Q: Why a so-big swap partition when you have 8GB of RAM?
A: With Gentoo, you will need it, period. It’s just a matter of time before you fill up your RAM in virtual machines, /var/tmp/portage in tmpfs or you add some overzealous options to your compiler that won’t allow the data to fit in RAM. In that case, wasting 10GB per-disk most of the year comes handy, as your server won’t crash, it will experience a hell of a slowdown, but will keep running without allowing the infamous OOM killer to kick in and trash your vital application or DB, totally killing the user experience.

Step 1: Clearing the drives and partitioning

For extra safety, you might want to zero out the first few megabytes of your drive. This will kill any previous MBR partition record and allow fdisk to present you a blank setup.
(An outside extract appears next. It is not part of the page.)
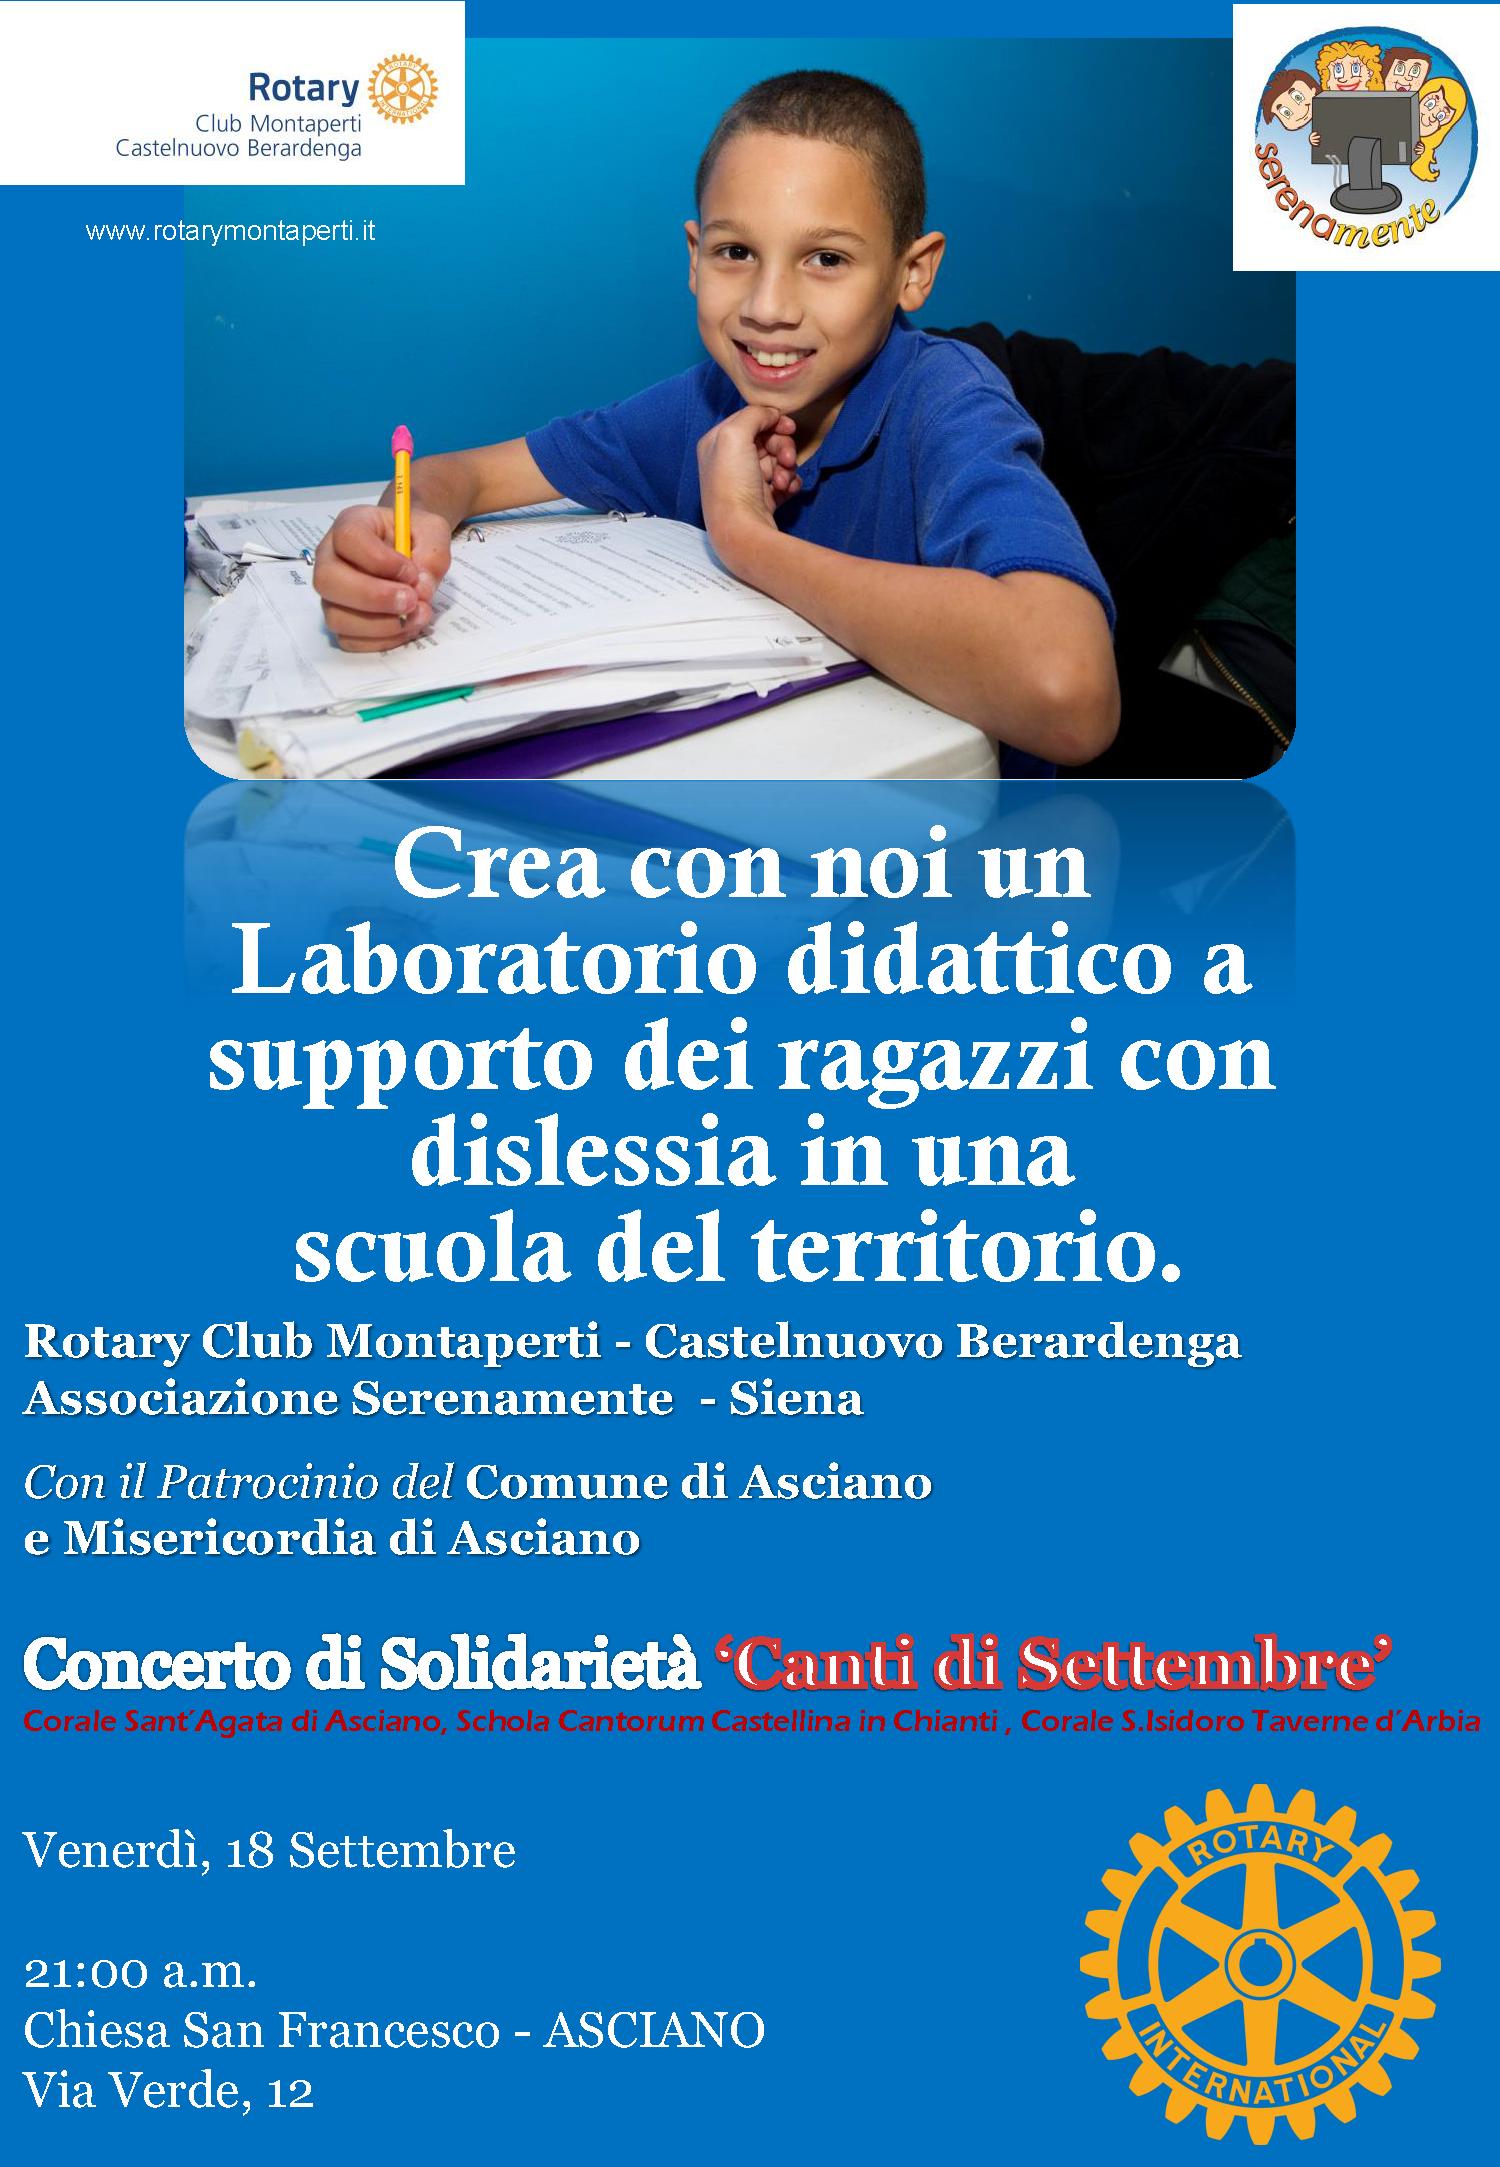 Poster_Concerto_Solidarietà
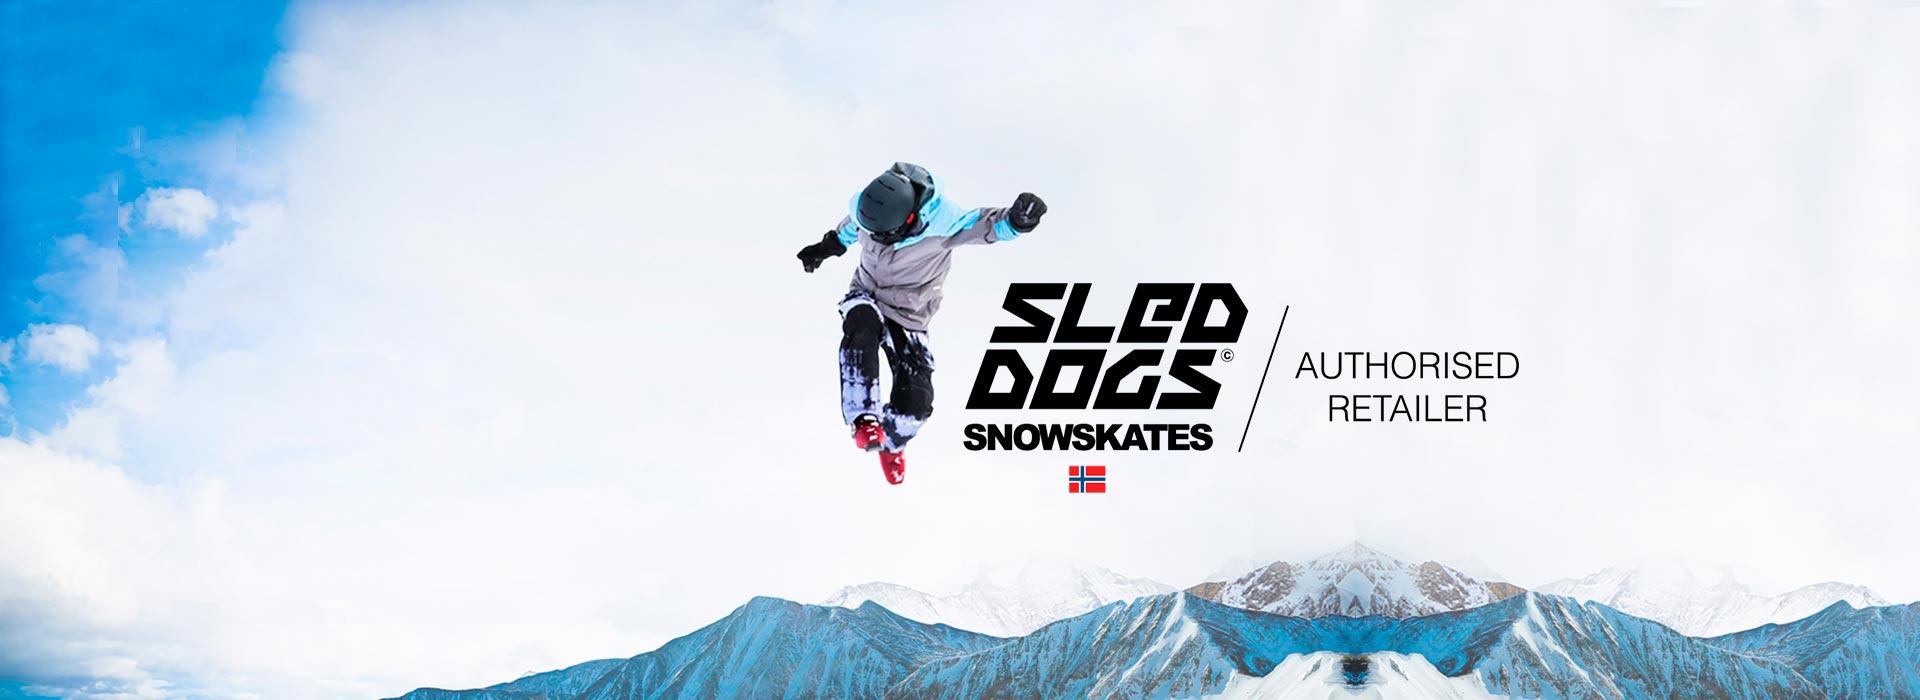 Sled Dogs Snowskates

# dd if=/dev/zero of=/dev/sda bs=10M count=1
# dd if=/dev/zero of=/dev/sdb bs=10M count=1

Now go ahead and partition your first drive (sda in this case) using fdisk. Don’t use cfdisk. Although it may sound tempting, it doesn’t align partitions on a divisible-by-8 sector boundary (yet, as far as I know), which means you may incour the write penalty for 4k drives.

# fdisk /dev/sda
  sda1: 200MB
  sda2; 900GB
  sda3: 10GB

Dos and don’ts:

do: sort the partitions in the order you want (you may want: boot, swap, root)
don’t
- use the linux MD partition type when creating partitions, use the linux default one
- use the swap partition type for the swap partition, leave the linux default one
- partition the second disk, I’ll come to it in a minute

Step 2: Copy your partition setup with sfdisk

Easy paragraph: we’ll use *sfdisk* (part of *util-linux*) to copy the partition setup from sda to sdb, performing a 1:1 copy, avoiding possible copy/paste issues.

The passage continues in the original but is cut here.